The Purrfessor shared a few choice quotes from homages by friends of Lou Reed, with gold nuggets such as, “he was the captain of freaks and misfits who told it all. And told it with honesty.” (Reader: if you know who quoteth that, do let me know!) The band then launched into a jazzy, spirited “Dirty Boulevard”. The band was in good form, a row of classy gents and lacey ladies as the sax, violins and drums played.

Johnny Bongo wailed out a mean sax for the intro to “Sweet Jane” as Legs Malone stepped out onto the stage (not to discredit her namesake). She was a glittery, leggy vision, a tall, glass o’ sparkling water – all shiny confidence and lanky limbs, accented by a high voltage smile. A Donna Reed of the 1950’s but with edge and sass for the 2010’s.

Kitty Nights’ mama tigress Burgundy Brixx took the stage with her usual dramatic flair. This time to “Venus in Furs”, aptly donning a dark, long fur coat draped over her as she cascaded her mane and silhuette into sensuous shapes, eventually ending on a round platform. A torchsong done in classic burlesque fashion, by the ever-elegant Ms. Brixx. Her classical burlesque numbers and creative costumes never disappoint. Brixx is synonymous with quality and class; add a dash of sweetness, then sip lingeringly and enjoy.

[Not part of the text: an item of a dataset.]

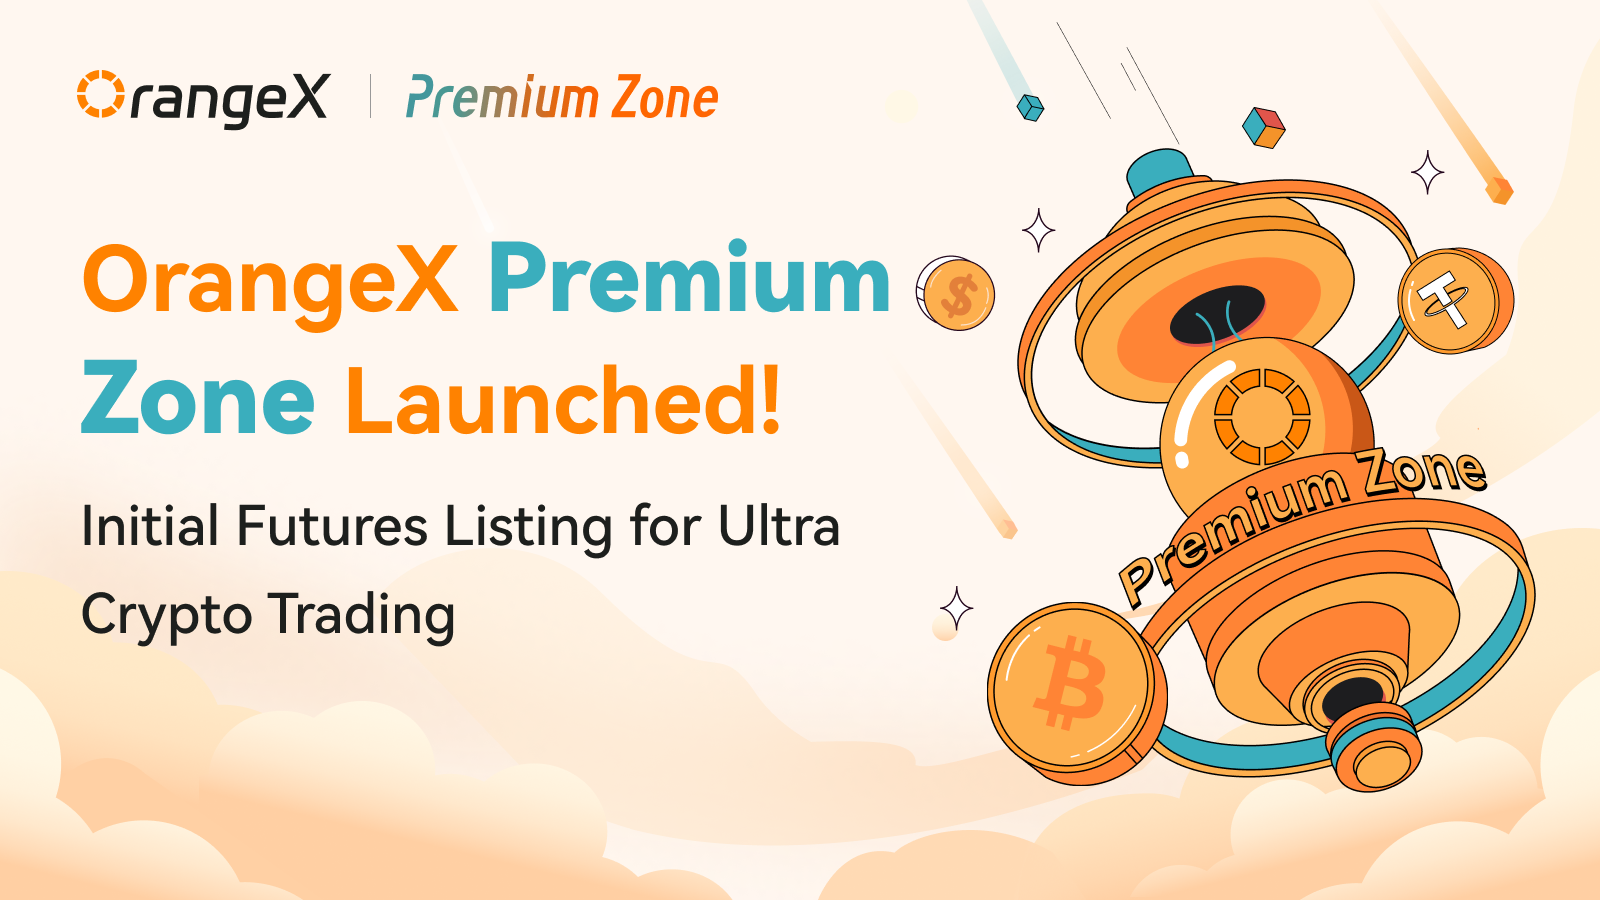 Announcing OrangeX Premium Zone! Your Gateway to Ultimate Crypto Trading

And then there was Darlinda, Just Darlinda.

To describe her act would be to do her injustice. Better to…well, experience it. She had two numbers (as did Legs). In the first one, she brought out all her New York performance art goodness. She attempted to straddle a chair (with a willing Roxette Star sitting in), repeatedly mounting it, then falling on her ass, then mounting it, then falling on her ass. Hilarious, and horny, and bizarre and sexual, and …well, Darlinda, Just Darlinda! (I would later learn from scouring her videos that this intriguing performer has done it all, with wonderful technique, edgy humour, grit and apparently, brass ovaries!)

The enchantress Lola Frost then took the stage.  When it comes to all things Lola, I am slightly biased as she is one of my favourite burlesque artists (I am certainly not alone!). Here is a woman who knows how to yield power, sensuality, theatricality and vulnerability all to exquisite effect. Never one to be pigeon-holed, her acts and style widely vary from classic to neoburlesque and could be anything, depending on the angle of the moon, the alignment of the planets, and whatever her cat-like reflexes feel like sharing. For “Heroin”, she stood centre stage, dripping with androgynous sex appeal, shades on, a man’s suit, white shirt, a tie. To go into more detail would be to rob you of the pleasure of her artistry should you be fortunate enough to see this video or better, see this number resurrected live. (Google it. And everything else done by her. You’re welcome.)

Brixx once again performed, an ethereal goddess in white, almost surreal for the poignant “Perfect Day”. Darlinda’s second number involved a dangling cigarette, a platinum blond wig, dark shades, a “walk of shame”, and a syringe needle. The night was FULL of surprises! The audience AND her syringe will have many stories to tell. Cheeky, cheeky Darlinda, Just Darlinda.

The group number was an emotional highlight for me. All dancers shared the iconic symbols, Lou Reed’s black leather jacket and black shades. During “White Light, White Heat”, they each took a turn donning the jacket and shades, putting their own spin on the song. As the song culminated into the finale, the dancers collectively (& tenderly) laid his jacket and shades on the stage. A bittersweet, touching tribute in the picture of these symbols, empty but yet carrying the weight of such a memory, of this great artist and his contribution. The song lingered there for a moment, it seemed as long as we wanted to linger on this sweet note, and on this poetic night and on this swirling of collective love and light and artistry. We lingered. Just enough to say feel an inevitable goodbye.

A poetic night blending various forms of art in one place, for a poetry-loving artist, and unapologetic teller of truths. Thank you for showing us we are all the freaks and misfits. Good night, Lou Reed.